The pope has come. The pope has gone. Now it is time for mainstream journalists to tell us what it all meant, to show readers the big picture and to reveal larger truths about what Pope Francis said and, maybe, even about what he should have said.
There's more to this process than news, of course.
About a decade ago, New York Times editor Bill Keller -- yes, the man who soon after his retirement offered the "Kellerism" doctrines -- told an audience of young journalists that his newspaper had changed its credo. He told them: "We long ago moved from 'All the News That's Fit to Print,' to 'All the News You Need to Know, and What It Means.' "
The theologians at the great Gray Lady got started even before the pope was gone, offering a "thumbsucker" analysis piece on Sunday A1 (even thought it was not labeled "analysis") that said the "pastoral" tone used by Pope Francis was a loss for conservatives, who wanted him to defend doctrine. The Times team did note that the pope offered no comments that supported the doctrinal left, either. Thus, the bottom line: Compassion is the opposite of doctrinal orthodoxy. Click here for my earlier post on that.

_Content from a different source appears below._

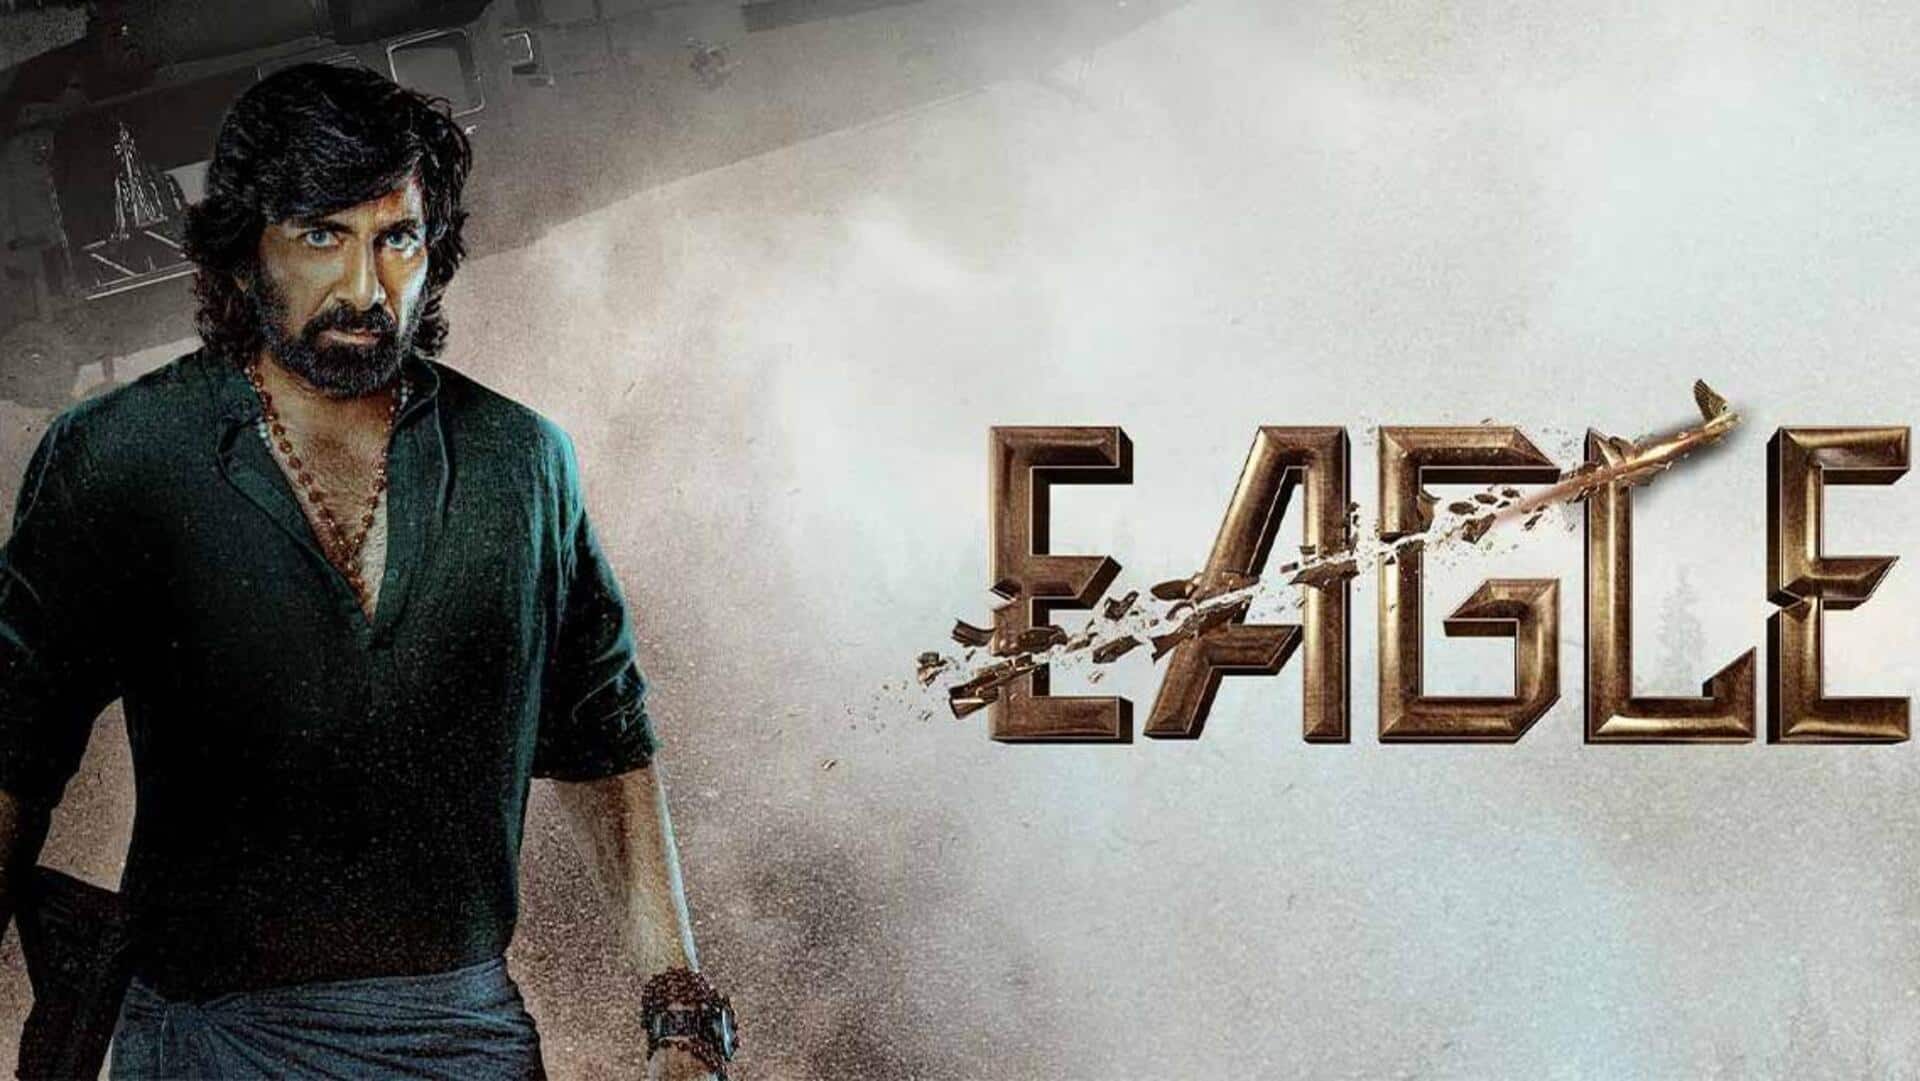 Box office collection: 'Eagle' keeps flying with stability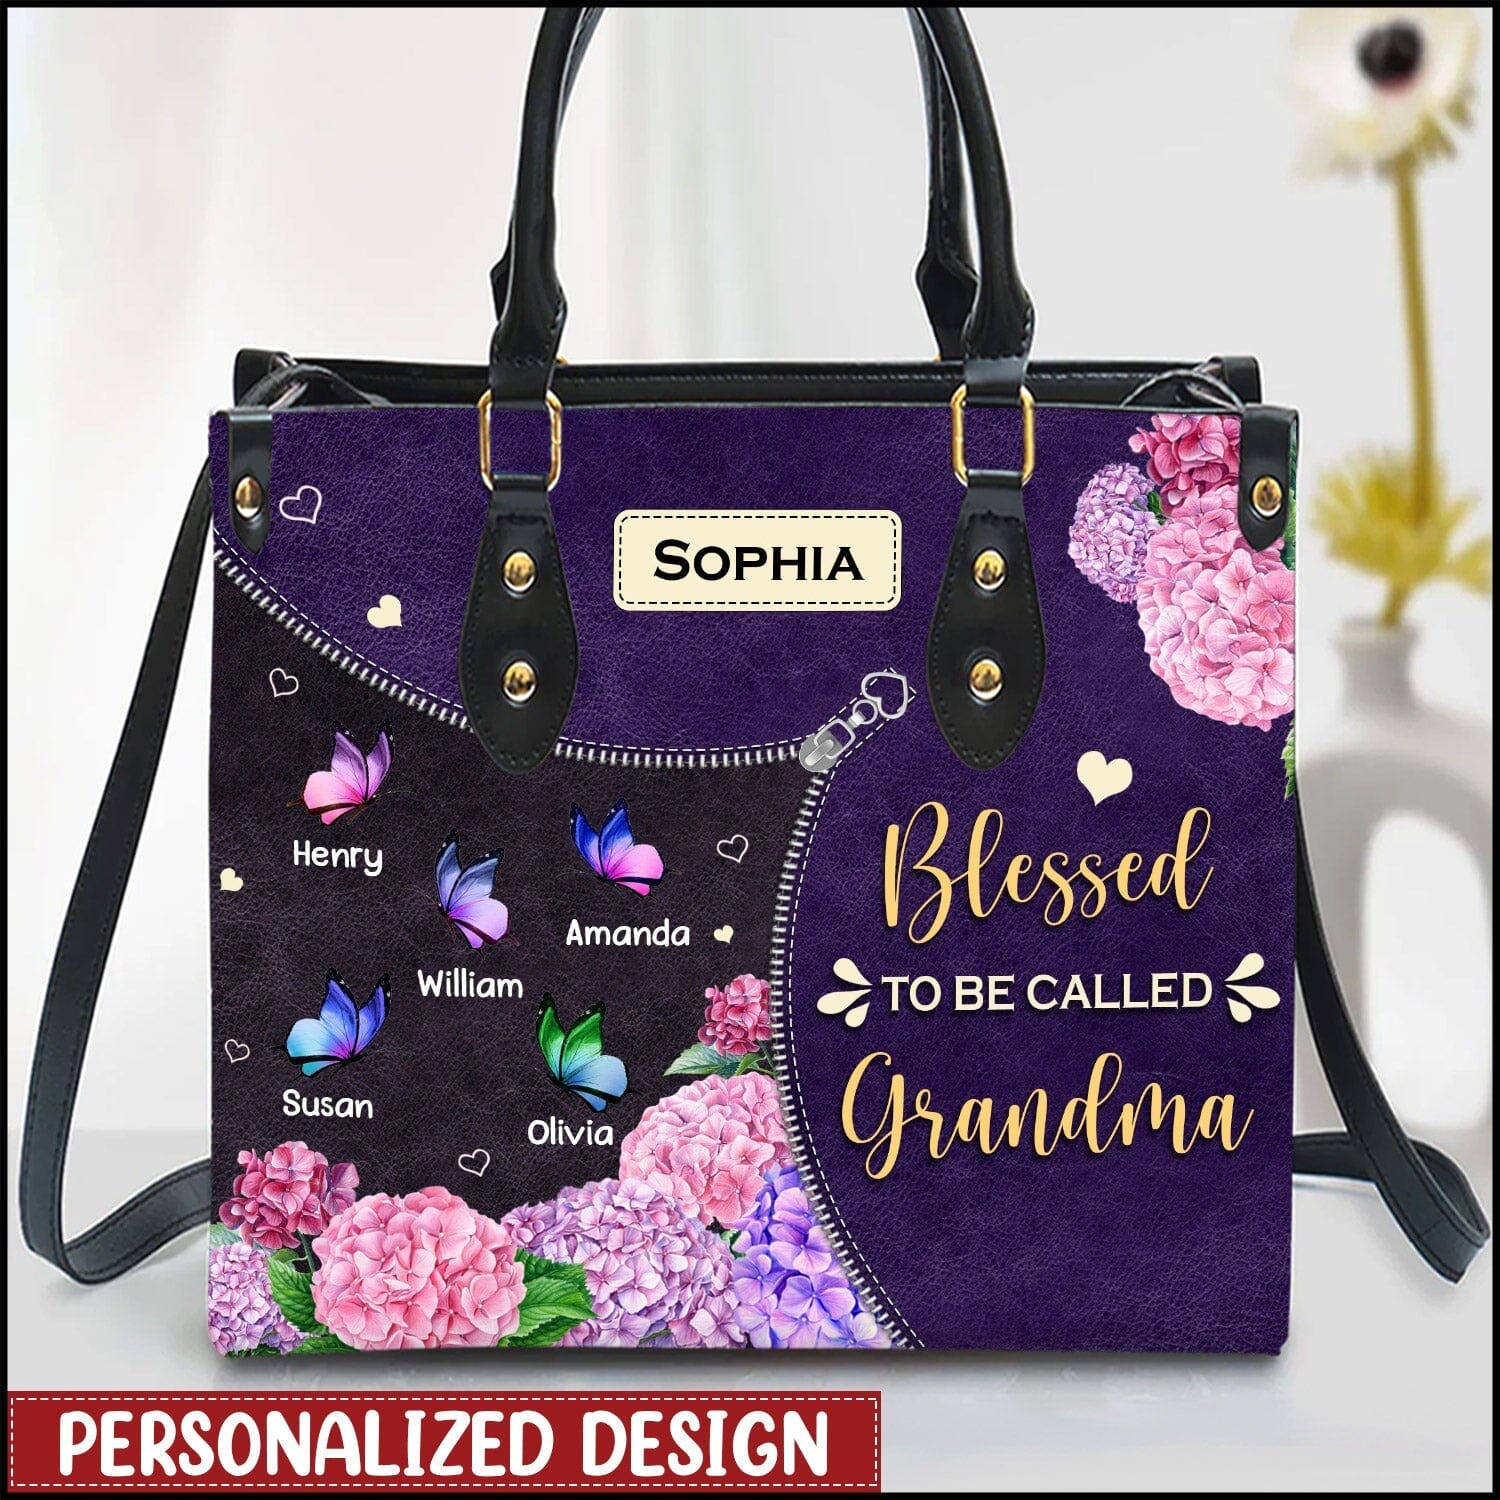 Blessed to be called Grandma Butterfly Floral Personalized Leather Handbag HTN03JUN23CA1 Leather Handbag Humancustom - Unique Personalized Gifts Black

The thumb-sucking process continued in American papers yesterday. The Times weighed in, once again, with a piece stressing that the pope showed a "deft touch" when handling issues in American politics (since we all know that politics are what ultimately matter):
... Mostly Francis demonstrated a nuanced political dexterity, effectively sidestepping the familiar framework of American debate while charting his own broader path. He advocated “life” but emphasized opposition to the death penalty, not abortion. He made strong stands for religious freedom -- a major issue for American bishops -- but refocused the concept on interfaith tolerance and harmony.